In designing clinical trials, you want to be as rigorous as possible, hence pre-specification of statistical analysis plans, hence planned data freezes, hence primary endpoints, and so on. But at some point, you also want to be able to use your common sense. Of course, calling it “common sense” doesn’t do it justice, because the data are genuinely complicated. But given that tofersen missed the primary endpoint while looking overall favorable, at some point you have to ask yourself, do I think that it is more likely to work, or more likely not to work? While I approached the topic with initial skepticism, after reading the paper carefully I started to feel that yes, tofersen probably does work. It may not work as well as one might hope — we still need better SOD1 ALS drugs. And it probably doesn’t work as fast as one might hope; some people think the failed primary endpoint was just due to too short a randomization period. But after sitting with it for a while, I thought, if Sonia had a SOD1 mutation instead of a PRNP mutation, would I want this drug to be approved? Yes. I am not certain that it’s safe and effective, we could all be wrong, but the data make me think that tofersen is more likely than not to be beneficial. Indeed, the data look good enough that I actually lean towards wondering instead whether it is still ethical to randomize at-risk SOD1 carriers in the ATLAS trial, when there is a probably-safe-and-effective drug that could help them. 3 out of the 9 FDA Advisory Committee members recommended not just Accelerated Approval but rather full approval, perhaps feeling the same way.

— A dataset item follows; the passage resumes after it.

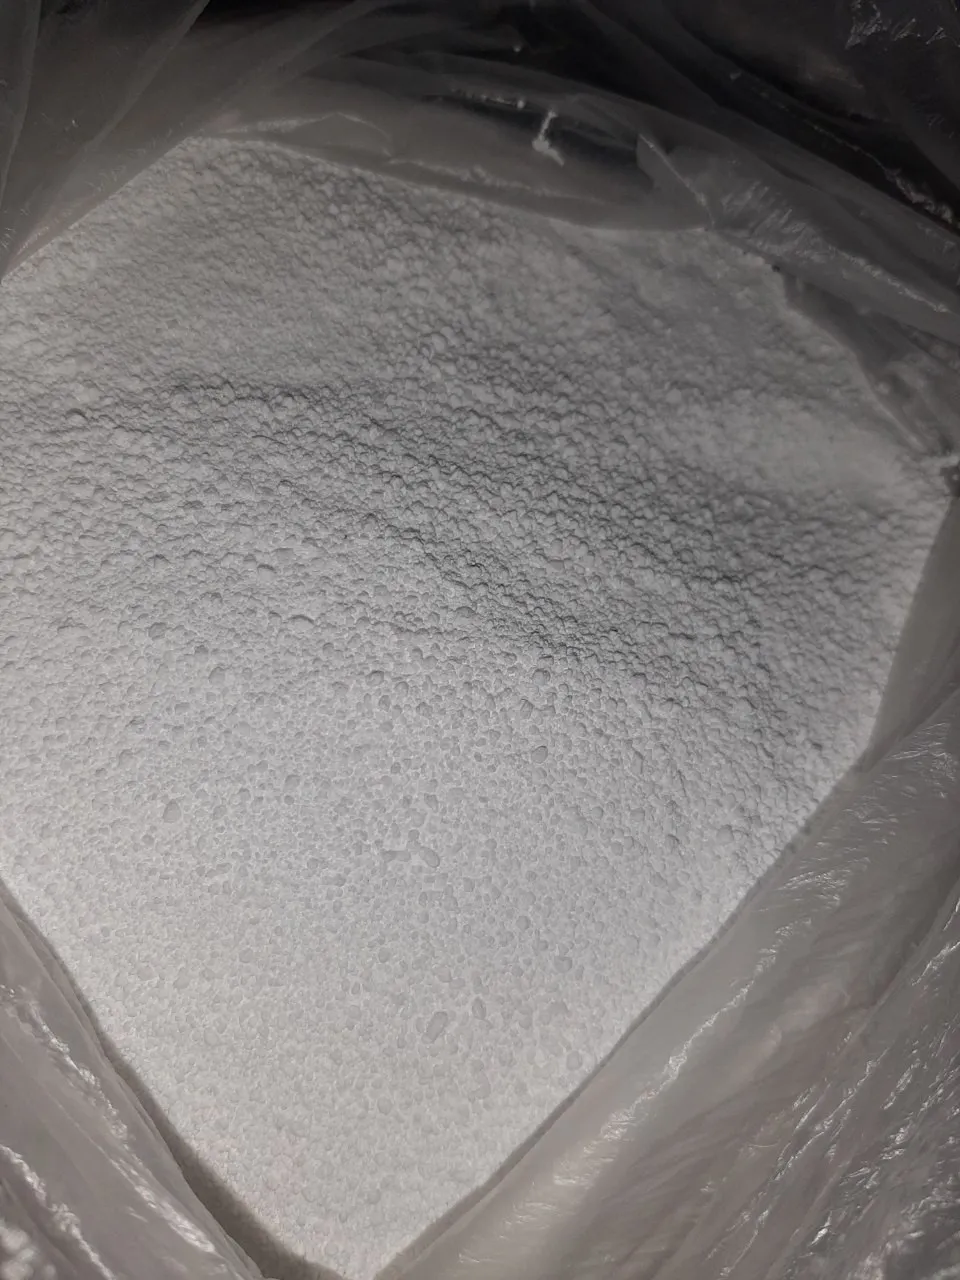 Natriy percarbonat (Sodium percarbonate)#2

implications for prion disease

I said earlier there were two limitations that made nusinersen an imperfect analogy to the PrP-lowering ASO we want to develop. Tofersen now addresses one of two: like the drug we want to develop, and unlike nusinersen, tofersen is designed to lower the amount of a target RNA molecule. The other limitation still stands: both nusinersen and tofersen are approved for neurological indications where spinal cord pathology predominates. ASOs dosed intrathecally — via a lumbar puncture — achieve better concentration in the spinal cord than in many brain regions [Jafar-nejad & Powers 2021]. How well an ASO can treat a whole brain disease remains to be established clinically. In addition, we still don’t know why the ASOs for Huntington’s and C9orf72 not only failed but seemed to make patients worse — was it therapeutic hypothesis, on-target toxicity, or off-target toxicity? And if the answer is off-target, how many other ASOs will have similar off-target effects, versus how many will look relatively clean (though certainly not devoid of adverse events) like tofersen? In other words there’s still plenty of jeopardy about whether an ASO for prion disease will work, and that’s why there will be trials. But after what’s been a rough few years for ASO therapies in neurodegenerative disease, today’s tofersen news is a reason for an uptick in optimism.